2006 SABR Convention Recapby Aaron Gleeman
July 05, 2006
Even before stepping off the plane, I had a feeling that my trip to Seattle for the 36th annual Society for American Baseball Research convention would be a good one. As two female flight attendants made the usual "thank you for flying Northwest Airlines" speech to bid farewell to exiting passengers after the flight from Minneapolis, the man directly in front of me looked one of them right in the eye and replied: "I have to urinate."
This didn't immediately strike me as crazy, perhaps because I had spent the last three hours reading Chuck Klosterman. However, as he calmly continued toward the exit after his pronouncement and then wordlessly made his way through the concourse to wherever it is people who have to urinate after plane rides go, it occurred to me that this man was insane. Four days later, as I boarded the plane back to Minnesota, I was shocked that I never ran into him at the SABR convention.
The first person I did run into upon arriving at the convention hotel was former Hardball Times staff member Maury Brown, who currently writes for Baseball Prospectus. After chatting with Maury for a few minutes—we had never actually met in person—I saw two familiar faces from past conventions in Mike "DeJesus Freak" McCullough and Anthony "Kiefer" Giacalone from Baseball Think Factory. SABR's only Jack Bauer look-a-like quickly headed to his room to put the finishing touches on his upcoming presentation, which was scheduled for the next afternoon.
After mocking Giacalone for that, McCullough and I met up with Joe "The Minnow" Dimino and Matt "Mr. High Standards" Rauseo, and the four of us headed out for some mid-afternoon drinking (and lunch, I suppose). We then registered for the convention, which inevitably led to jokes about how exactly the fat guys in attendance were supposed to make use of the youth-sized Eddie Guardado t-shirts and Mariners hats in each goody bag. It was decided that we should give them to Dimino, who at 130 pounds soaking wet could then have an Inspector Gadget-like closet full of the same exact outfit.

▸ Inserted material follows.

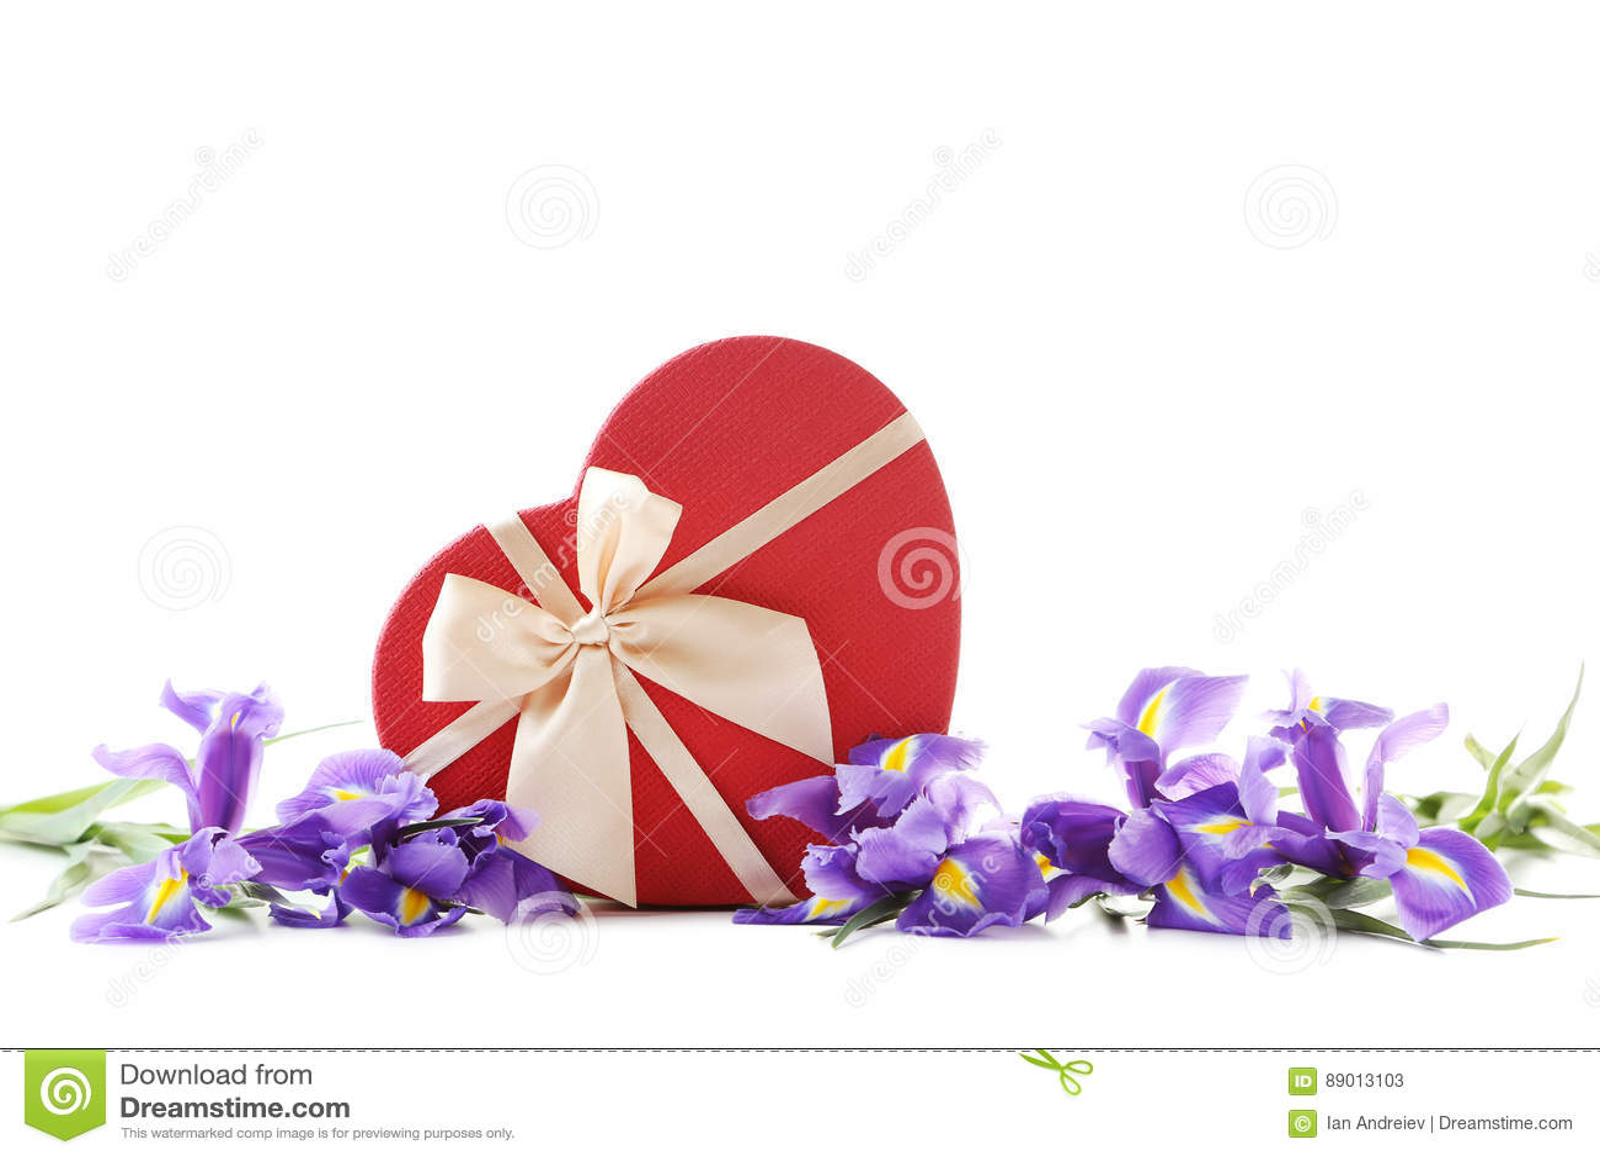 Bouquet of iris flowers stock image. Image of love, flowers - 89013103
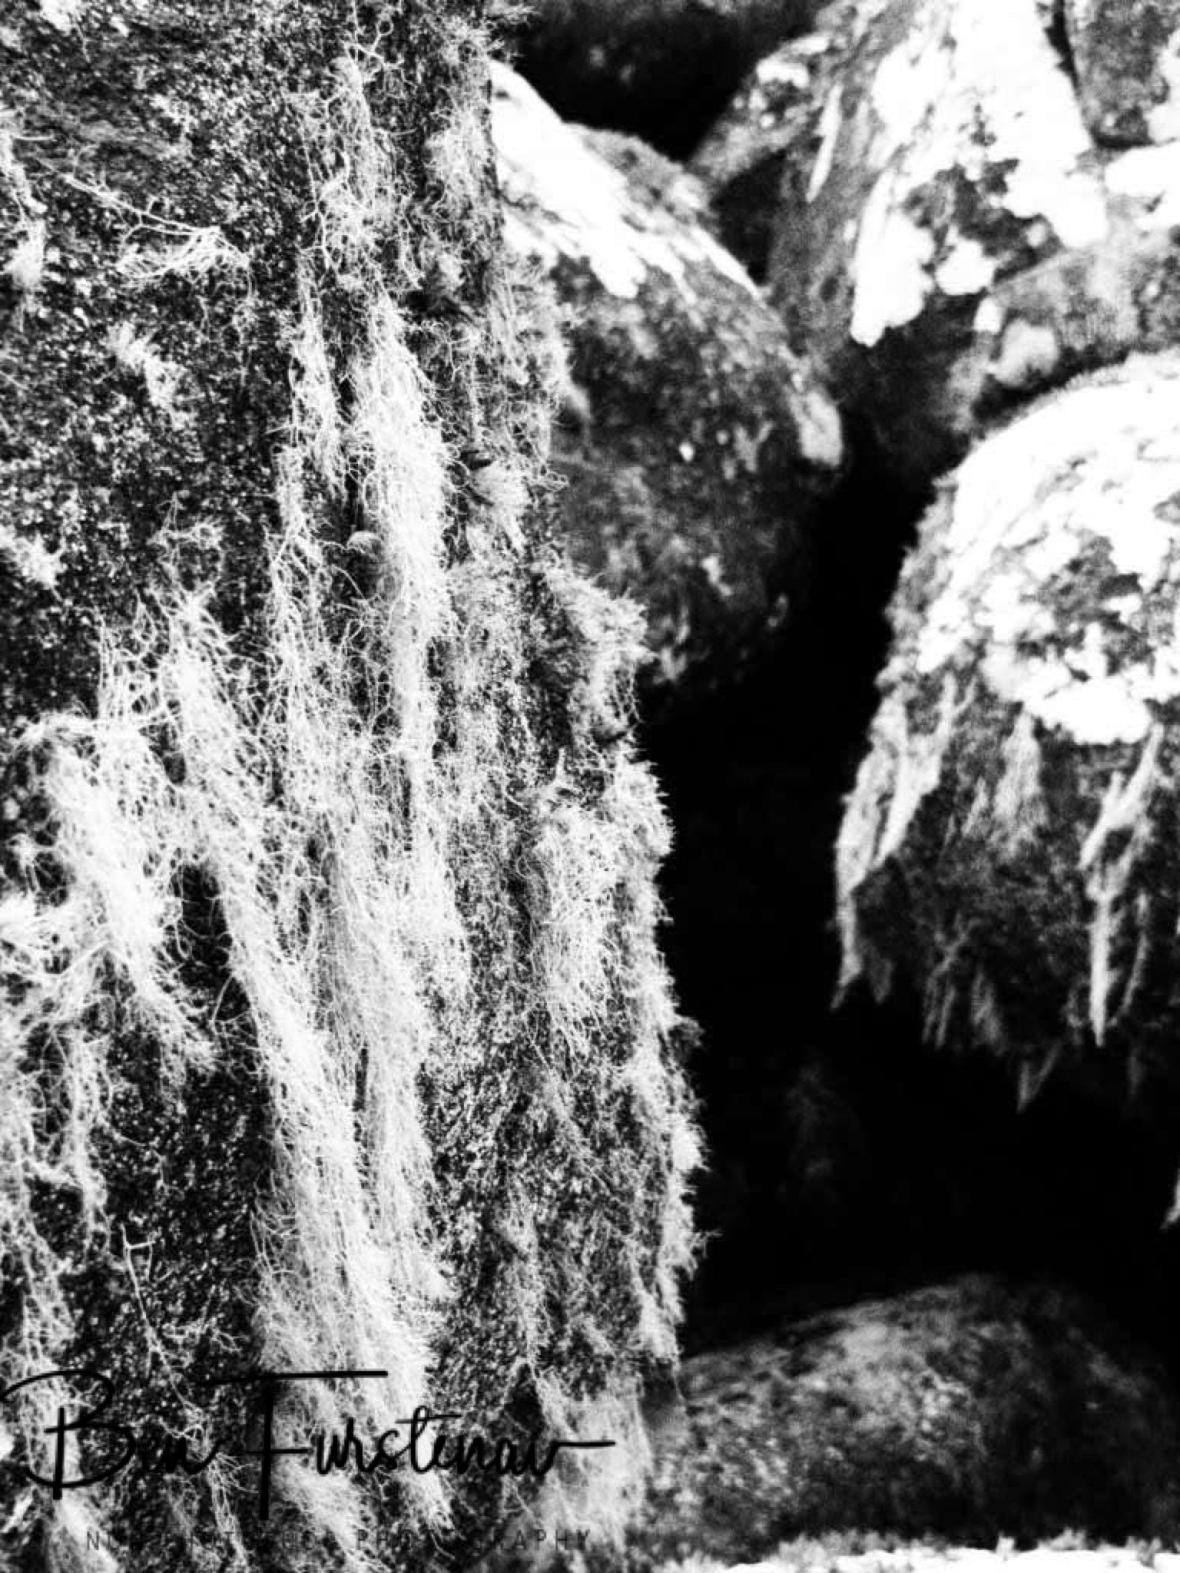 Moss covered granite boulders, Mulanje Mountains, Malawi

Shortly after that Giacalone rejoined the group, and we headed to dinner along with Chris Jaffe and the Stallard Clan (Mark Stallard, plus his lovely wife and baseball-clad infant son). The post-dinner plans involved christening the hotel bar, at which point Mike Emeigh and my roommate, THT's Ben Jacobs, arrived. When the hotel cut us off around one in the morning, I went looking for another bar with Jacobs, Emeigh, Rauseo, and Dimino. We ended up somewhere that had a DJ playing techno music as thin, well-dressed people danced, so naturally we fit right in and closed the place.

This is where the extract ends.